Of Becky's rise and fall, Thackeray says it has all happened before and will again. But he admits there are advantages in Vanity Fair: "What well-constituted mind, merely because it is transitory, dislikes roast beef?" It is vanity but one should enjoy it. Thackeray says Becky's brief triumph should be enjoyed because it is brief. "Glory like this is said to be fugitive."

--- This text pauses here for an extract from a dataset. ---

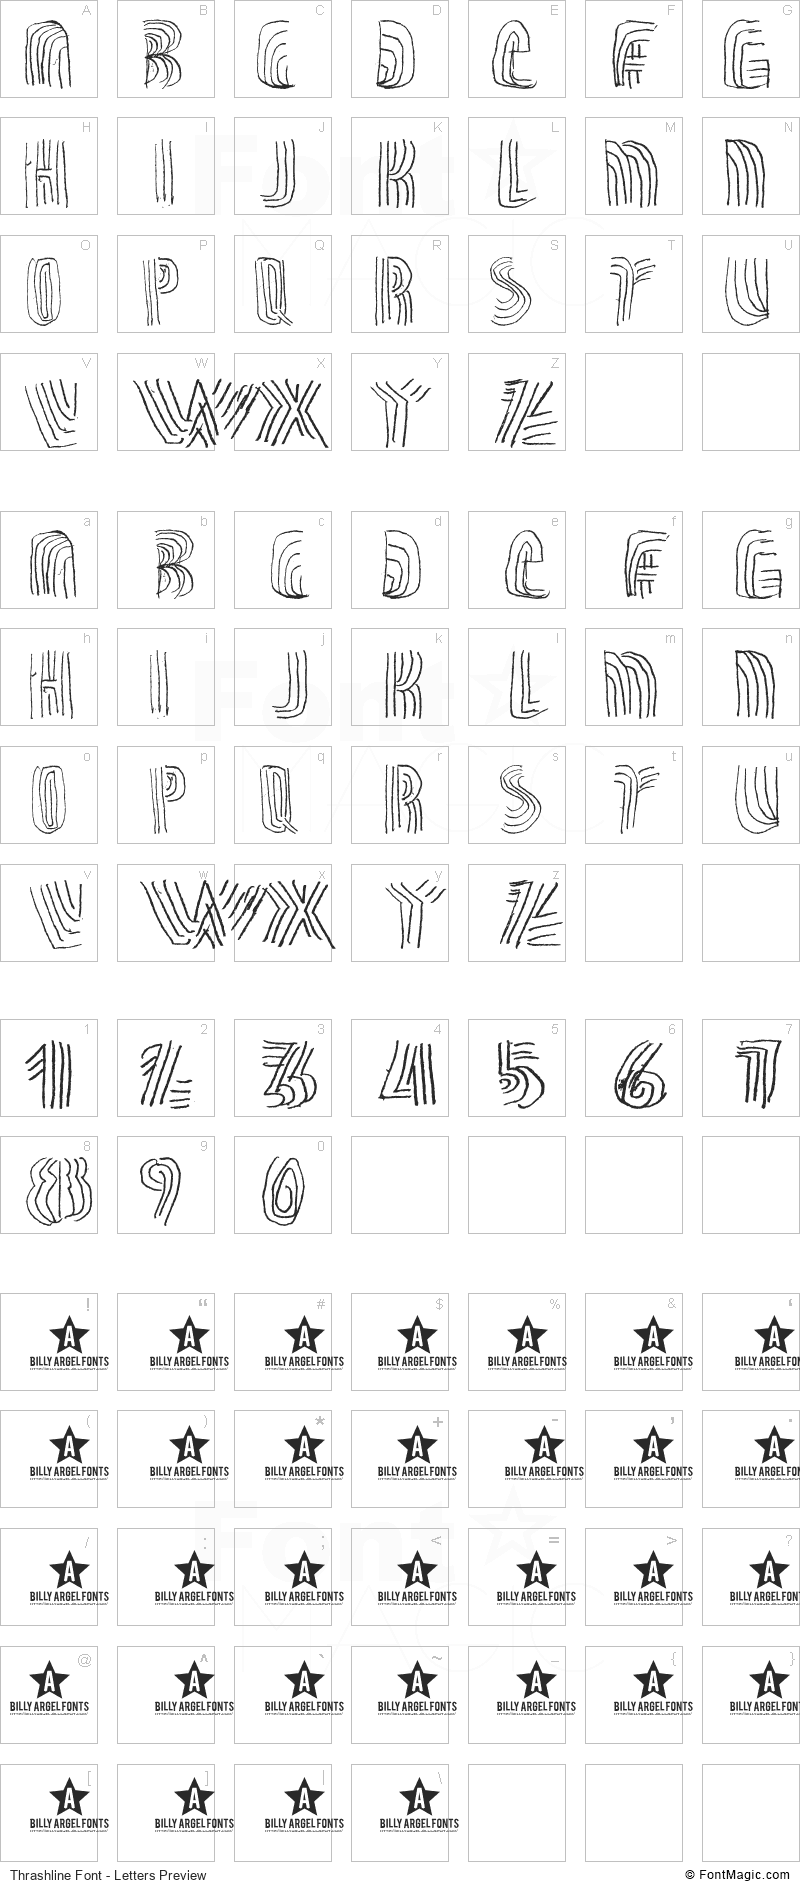 Thrashline Font - All Latters Preview Chart

Becky, at the height of her ambition, plays the part of Clytemnestra, a symbolic choice, for she has been having an affair with Lord Steyne, even as Clytemnestra had with Aegisthus. Becky would sacrifice Rawdon as quickly as Clytemnestra did Agamemnon. The role of the nightingale contrasts to that of murderess. Thackeray has again shown both the dark and the light of human nature, for Becky fills both roles.

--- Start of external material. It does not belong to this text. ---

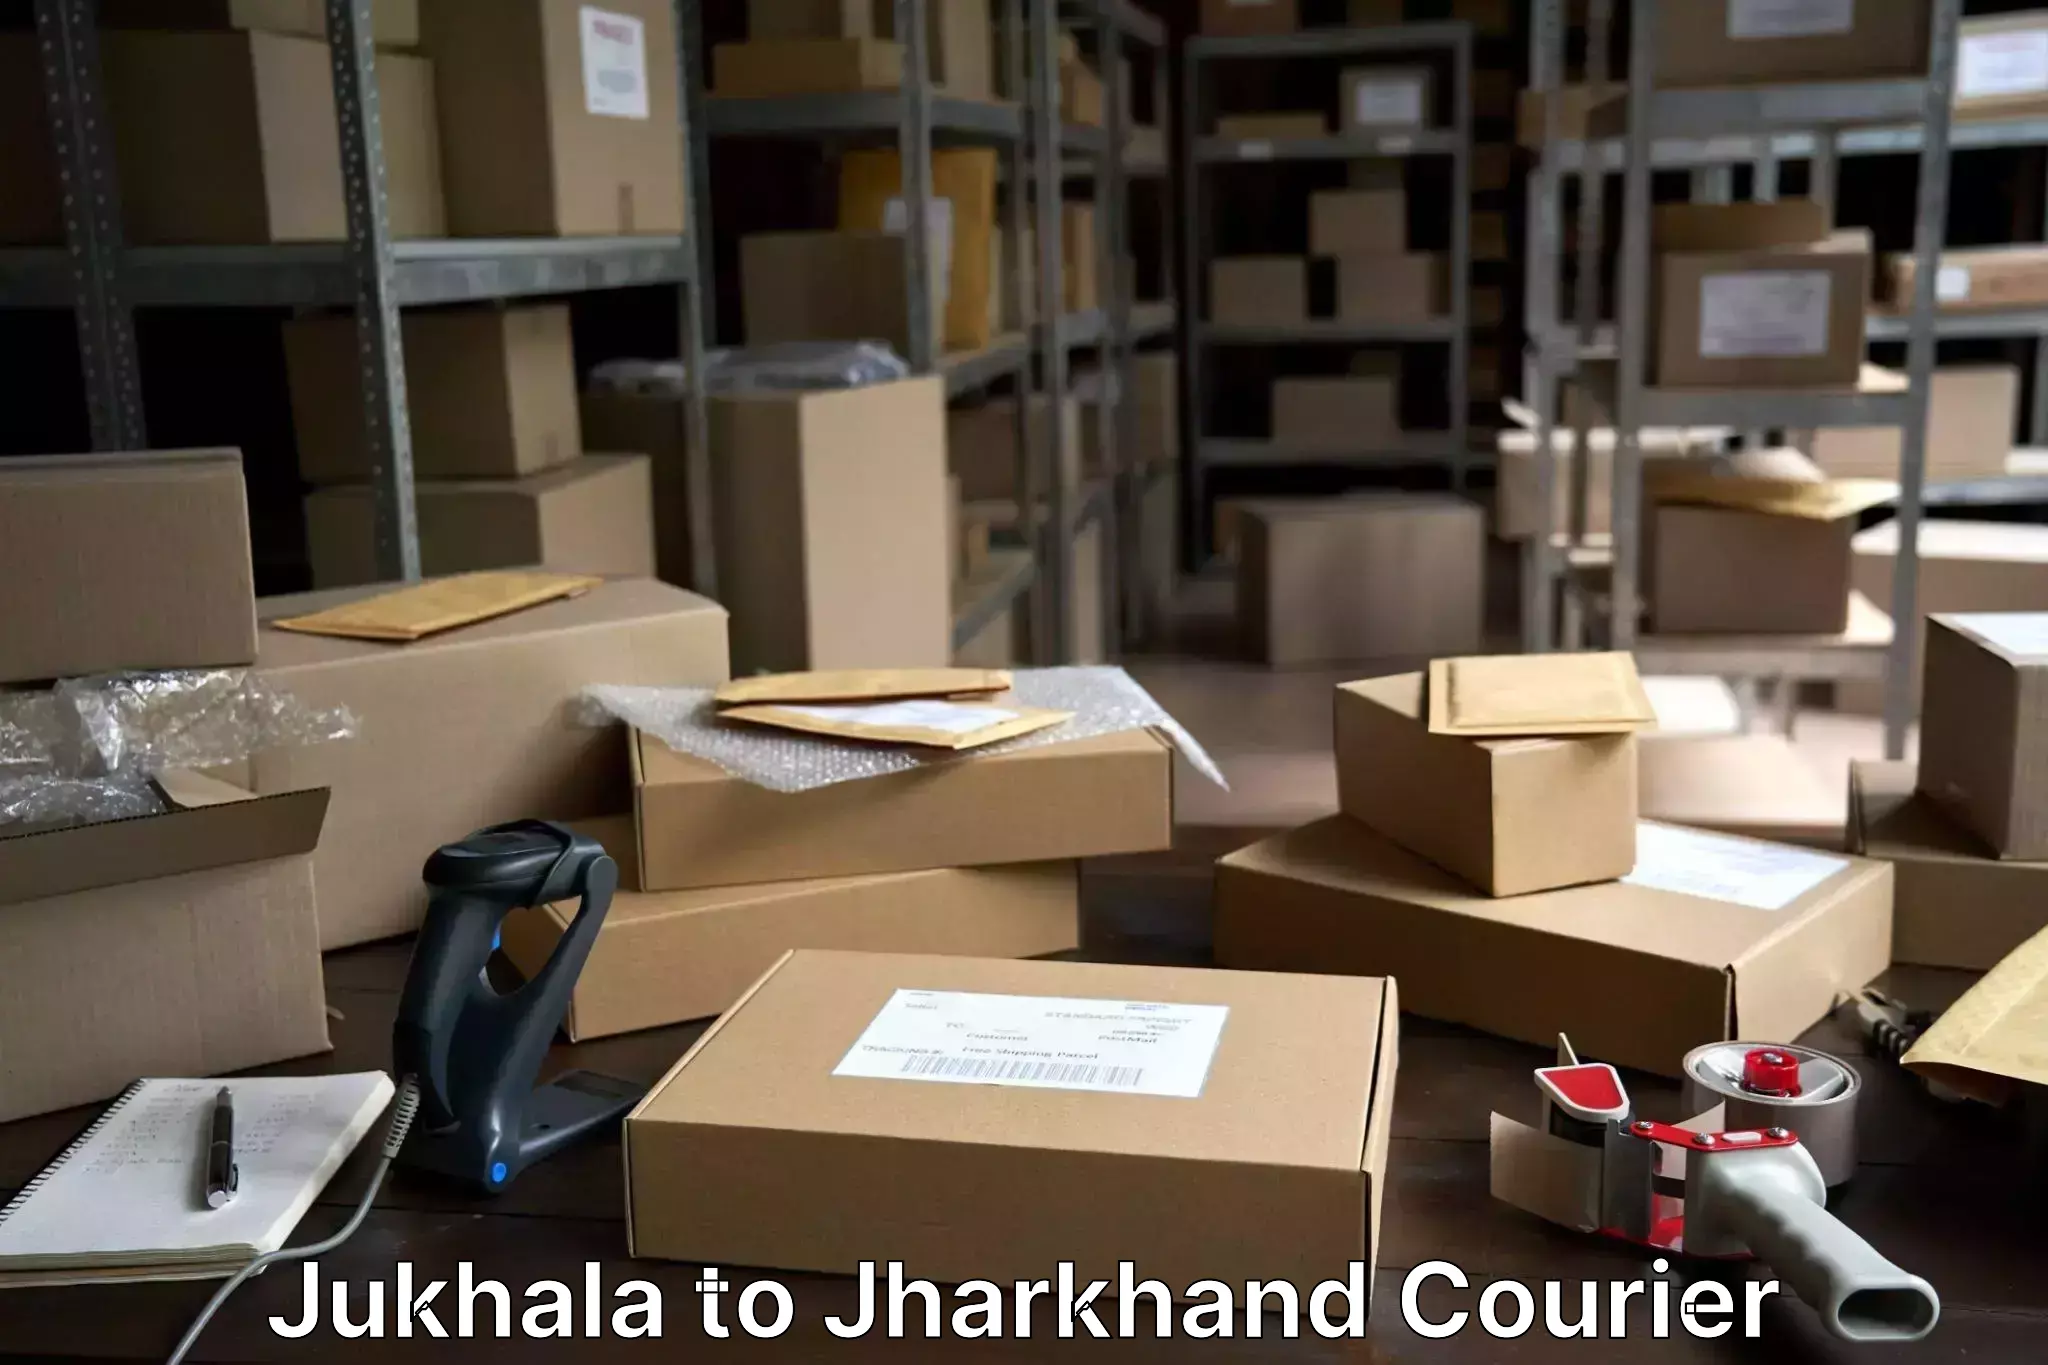 Luggage shipment specialists Jukhala to Bundu

Thackeray describes the portals of society as being guarded by "grooms of the chamber with flaming silver forks with which they prong all those who have not the right of the entrée . . . the honest newspaper-fellow who sits in the hall . . . dies after a little time. He can't survive the glare of fashion long. It scorches him up, as the presence of Jupiter in full dress wasted that poor imprudent Semele — a giddy moth of a creature who ruined herself by venturing out of her natural atmosphere." Semele, a mortal beloved of Jupiter, was induced by Juno, Jupiter's wife, to ask Jupiter to approach her as he did Juno — with full majesty. The splendor burned Semele up. Thackeray is suggesting that Becky is in the same position.
Thackeray comments on society: ". . . all the delights of life, I say, — would go to the deuce, if people did but act upon their silly principles, and avoid those whom they dislike and abuse."